08.05.2019 | News-Bericht

Auffahrunfall verursacht schwerste Verletzungen

  • Unfall mit Oldtimer auf der A 73. Christoph 60 ist im Einsatz.
    Unfall mit Oldtimer auf der A 73. Christoph 60 ist im Einsatz.

Ein sonniger Frühlingsabend in der Nähe von Eisfeld: Ein Mann ist mit seinem Oldtimer auf der Autobahn 73 unterwegs, als ihm plötzlich ein anderer Wagen ins Heck prallt. Der Senior, dessen Fahrzeug serienmäßig weder mit Anschnallgurten noch mit Kopfstützen ausgestattet ist, erleidet schwerste Verletzungen und wird in seinem Wagen eingeklemmt. Wenig später schrillen auf der Luftrettungsstation am Zentralklinikum Suhl die Rufmeldeempfänger. Die Crew von Christoph 60 wird von der Leitstelle zu dem Auffahrunfall bei Eisfeld beordert. Umgehend fliegen Pilot Martin Hannig, Notarzt Robert Schmitt und Notfallsanitäter Tobias Strom los.

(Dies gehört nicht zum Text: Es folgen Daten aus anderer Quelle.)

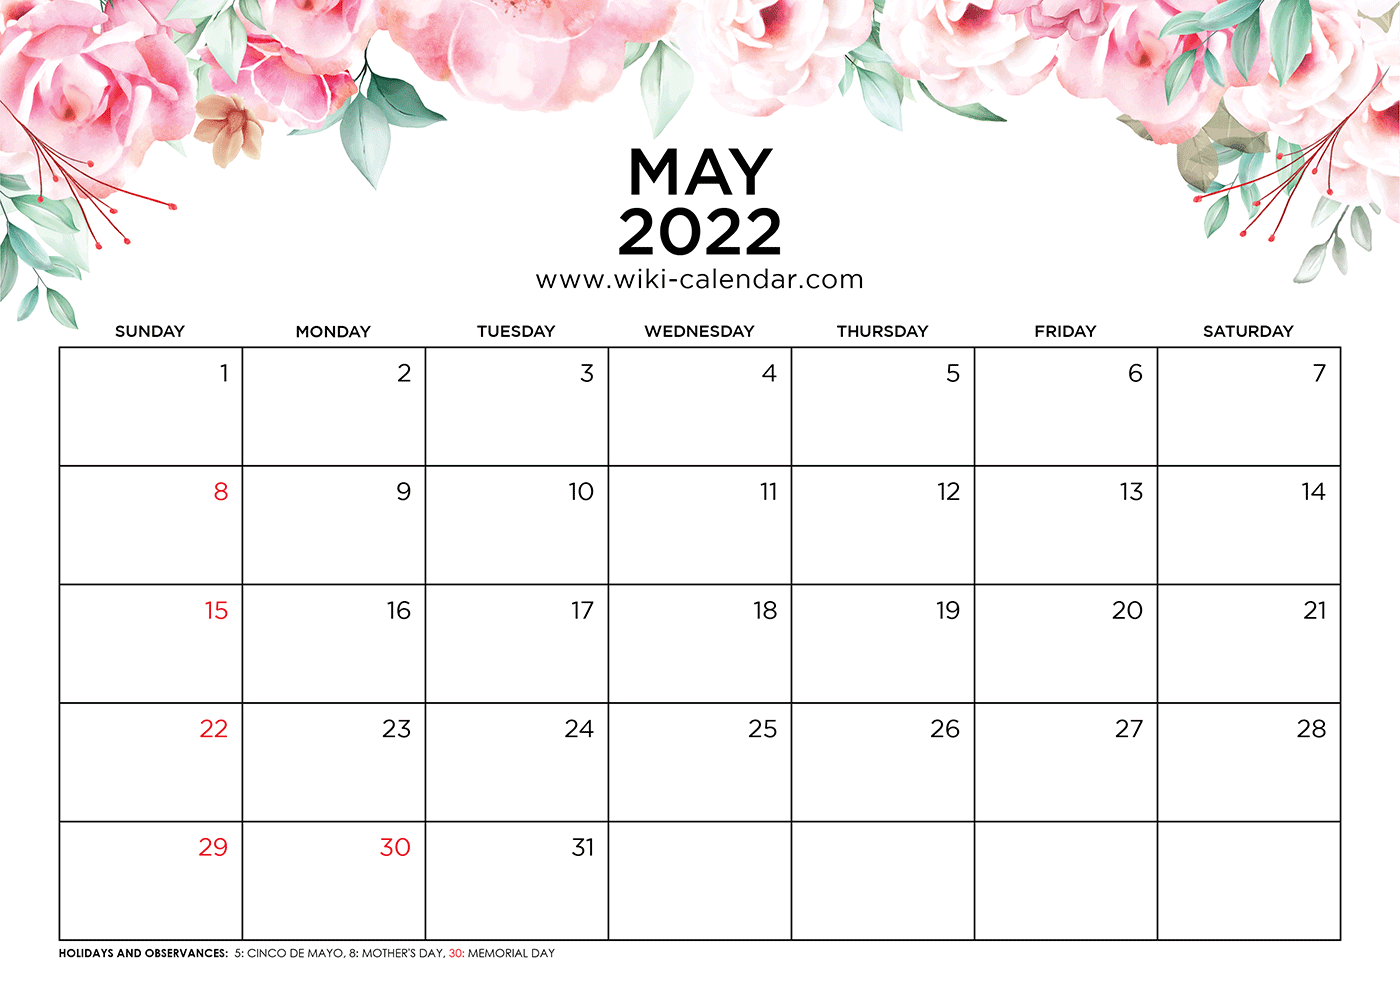 May 2022 Calendar Printable with Holidays

Das Suhler Team der DRF Luftrettung benötigt knapp zehn Minuten zur A 73 und kommt rasch über der Unglücksstelle an. Der Pilot von Christoph 60 landet den rot-weißen Rettungshubschrauber des Typs EC 135 direkt auf der Fahrbahn. Die Feuerwehr und der bodengebundene Rettungsdienst sind kurz zuvor eingetroffen, die Wehrkräfte befreien den Oldtimerfahrer bereits aus dem völlig eingedrückten Wrack. Für den älteren Mann hat der Unfall schlimme Folgen, er hat sich eine Rippen-Serien-Fraktur sowie Oberschenkel-, Becken- und Wirbelsäulenfrakturen zugezogen. Robert Schmitt und Tobias Strom versorgen den Verunglückten sofort. „Nach der Befreiung aus dem Fahrzeug wurde der Patient aufgrund seiner schweren Verletzungen von unserem Notarzt intubiert und beatmet“, verdeutlicht Martin Hannig.

Als der Kreislauf des 75-Jährigen stabil ist, entscheiden die Einsatzkräfte schließlich, dass der Mann bodengebunden ins SRH Zentralklinikum Suhl gebracht werden soll. „Wegen der Nähe zum Klinikum Suhl und der schweren Wirbelsäulen-Verletzungen wurde auf ein Umlagern des Patienten verzichtet“, erläutert Christoph-60-Pilot Hannig.